My White Best Friend (and even more letters left unsaid) sees the Bunker Theatre start the process of going out in a blaze of glory

“It’s all we can do to listen”

There’s a couple of months before the Bunker Theatre closes its doors but it does seem a rather wonderful f*** you to bring back their inordinately successful mini-festival and sell out every night before the run even started. Developers may gain from taking over this space but as evidenced here in this kind of forward-thinking, thought-provoking production, London’s theatre ecology stands to lose a lot.  

Co-curated by Rachel De-Lahay and Milli Bhatia (who also directs), My White Best Friend (and even more letters left unsaid) is a raucous piece of gig theatre, centred on a provocation to a range of cracking writers to write letters “that say the unsaid to the people that matter most”. Those letters are then read to a standing audience, sight unseen by different actors every night. And there’s a DJ-led afterparty too, even on a Monday night!

The evening ends up hooked around the titular letter, written by De-Lahay and read by Inès de Clercq which is the only letter performed every night.
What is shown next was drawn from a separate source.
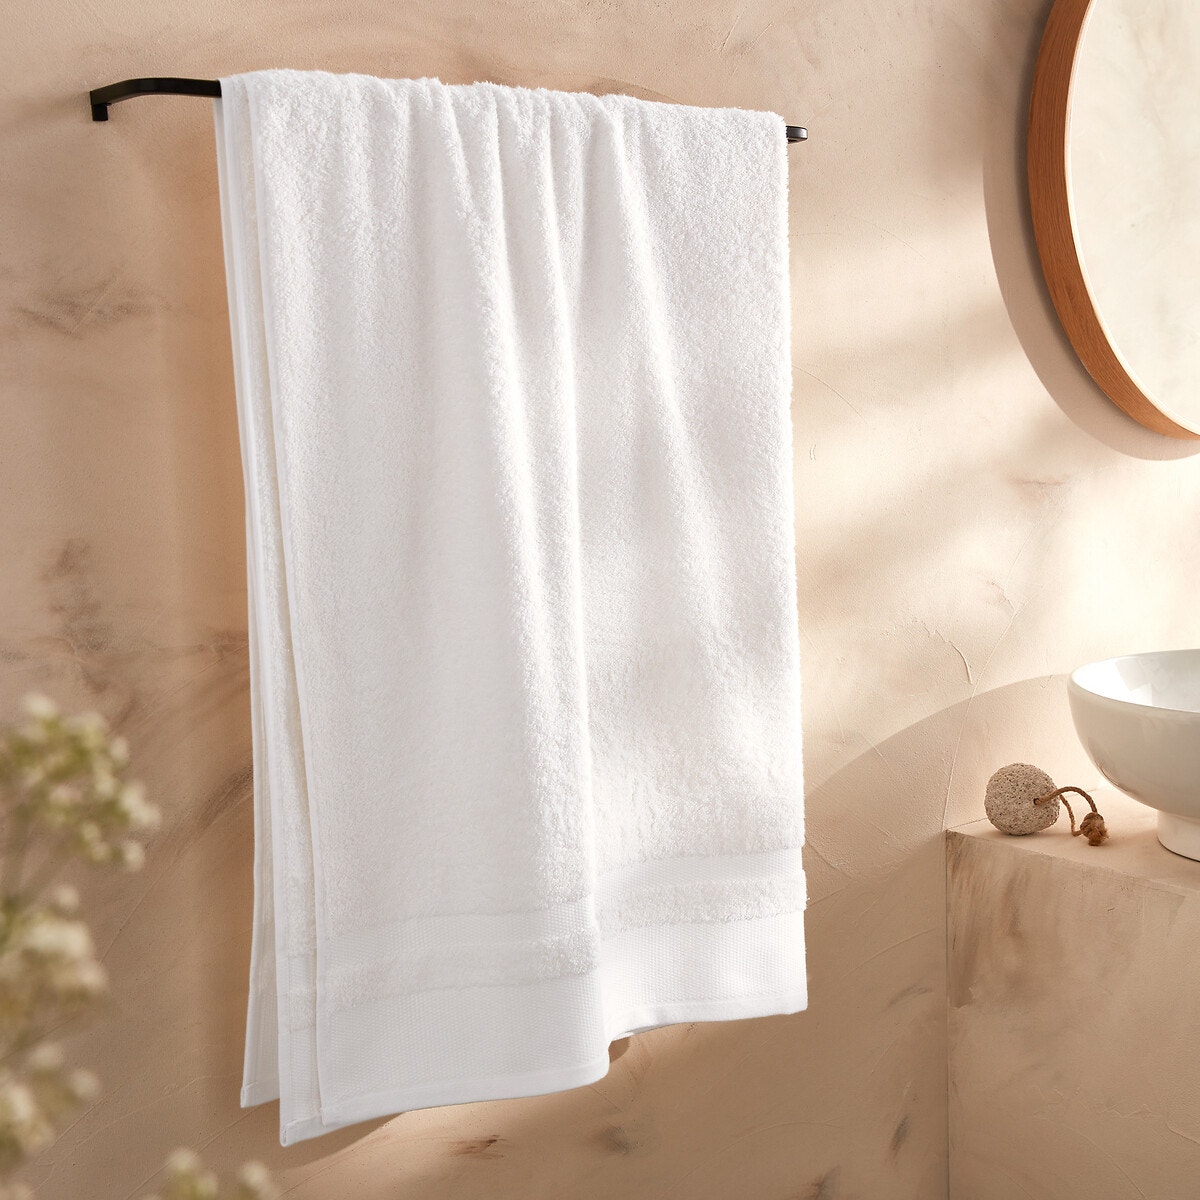 Σπίτι > Λευκά είδη > Μπάνιο > Πετσέτες μπάνιου Μάξι πετσέτα μπάνιου από αιγυπτιακό βαμβάκι 86x150 cm

Probing at notions of privilege from the very beginning (the audience is asked to reconfigure itself with white men at the back and brown and black women to the fore), the eloquence of the writing is underscored by an undeniable anger at the state of the world and its inherent unfairness as it pulls back the covers on how deeply even ‘micro’-aggressions can cut away at friendships. 

My evening also saw Emma Dennis-Edwards’ missive to her older, whiter, richer ex read by Tom Motherdale (recently so good in Glass. Kill. Bluebeard. Imp.) with a delicious dryness (hearing him say ‘weird flex’ was a highlight of the year!) soon replaced by a scorching honesty. And Susan Wokoma brought real gravitas to Mika Johnson’s deeply moving love letter to the black and brown queens ill-served by gay history, lamenting how little has really changed even today. A necessarily uncomfortable experience and one to which it behoves all of us to listen carefully. 

Running time: approx 85 minutes (without interval, there are pauses between each piece though)
My White Best Friend (and even more letters left unsaid) is booking at the Bunker Theatre until 30th November – run currently sold out but stalk their website for returns, or start a returns queue, do what you can to get in!